Opponents of the commission’s plan argue that it is using inaccurate models that overestimate populations of crabs and knots, and that earlier declines in knots alongside higher crab harvests prove how reliant the birds are on this particular food source.

“Despite that history and the fact that both remain depleted, they are now assuming there is very little relationship between the two,” said Timothy Preso, managing attorney of the biodiversity defense program at Earthjustice, a nonprofit law firm that is representing the conservation groups. “We hope that A.S.M.F.C. will pause and take a reset on this because there are some big questions they have to answer.”

Mr. Preso also said the public had not been able to examine the commission’s plan because the U.S. Geological Survey has not released specific details of the model. A spokesman for the Geological Survey, Jason Burton, said the agency was reviewing requests for more information from Earthjustice.

Mr. Preso added that the commission’s plan to lift the harvesting restrictions could be a violation of the Endangered Species Act.

The commission defended its proposals, saying they were not the result of pressure from the fishing industry and were based on improved modeling and new data on crab and knot populations. The commission declined to comment on whether lifting the ban would not comply with the Endangered Species Act.

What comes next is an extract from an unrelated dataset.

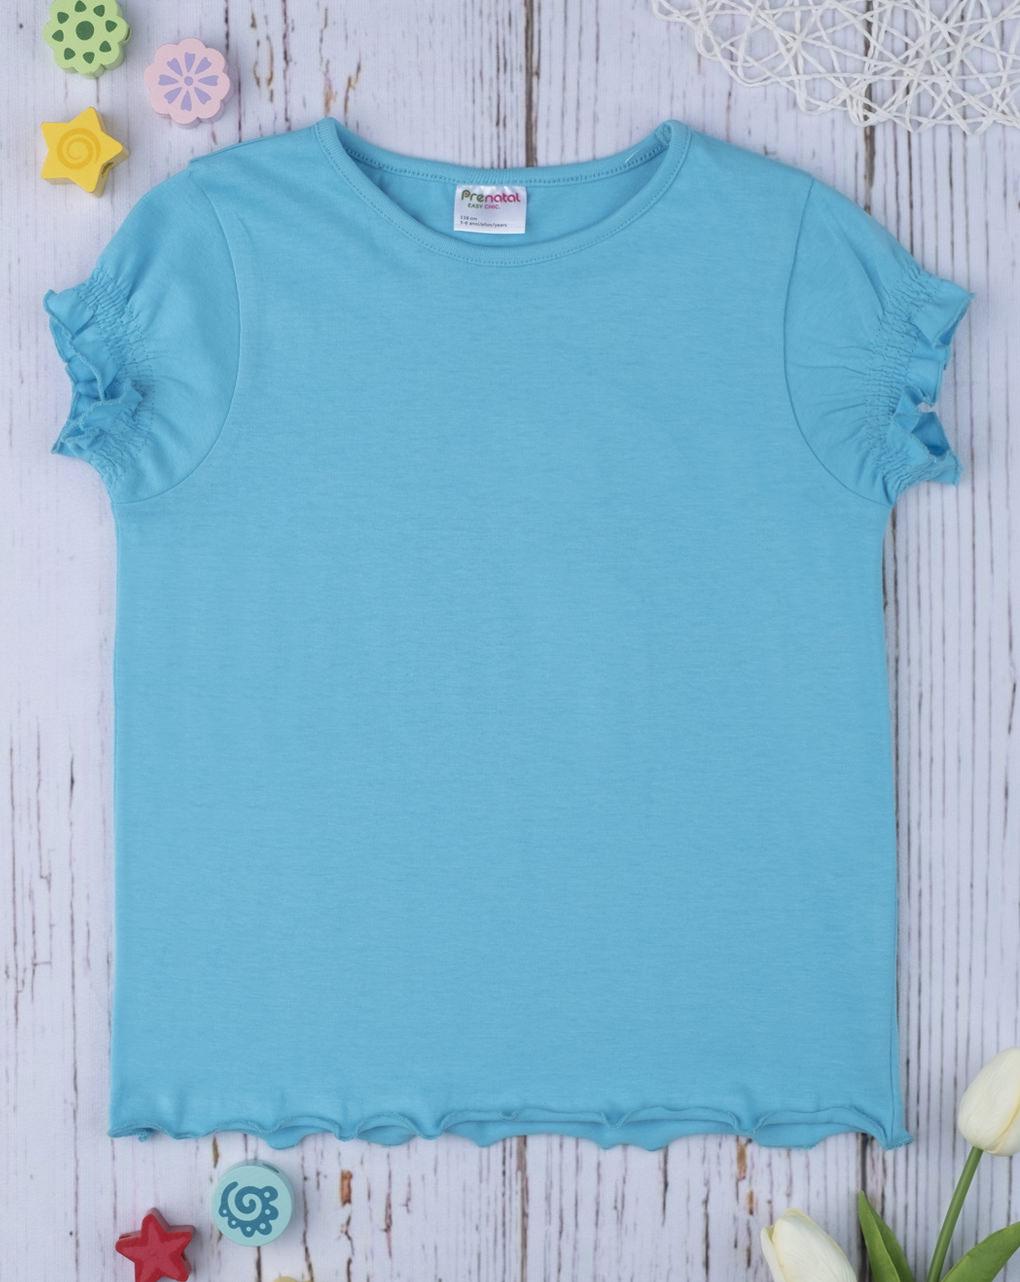 T-shirt girl total azzurro - Prénatal

“The conceptual model of horseshoe crab abundance influencing red knot survival and reproduction remains intact with the intent of ensuring that the abundance of horseshoe crabs does not become a factor limiting the population growth of red knots,” said Tina Berger, a spokeswoman for the commission.

The commission also pointed to other factors threatening the knot population, Berger said, including loss of habitat due to rising sea levels and coastal development; disruption by natural predators such as peregrine falcons in breeding grounds; and an increasing mismatch between migratory patterns and the availability of food.

The population of knots passing through the bay each spring had been stable at around 45,000 in recent years, Berger said, although conservationists contended that count was based on modeling rather than actual counts.

The plan to update quotas has been endorsed by the U.S. Fish and Wildlife Service, which, in its own analysis, concluded there was a negligible chance that restarting the female harvest would reduce the knot population.

The federal agency acknowledged that the over-harvest of crabs on the bay in the late 1990s and early 2000s was the key reason for the birds’ decline. But the agency argued that that the crab population had become large enough to survive a resumed female harvest.

If approved, the fisheries’ recommended female catch would be less than 2 percent of the estimated population, said Bridget Macdonald, a spokeswoman for the Fish and Wildlife Service. By comparison, the natural mortality rate of female crabs is 26 percent to 28 percent a year, she said.

“The impact of directed harvest on the female horseshoe crab population is at such a conservative level that it would be indistinguishable from the effects of natural mortality that would occur even in the absence of harvest,” Ms. Macdonald said. “Thus, we conclude that this low level of female harvest will not reduce the availability of eggs for red knots or other shorebirds.”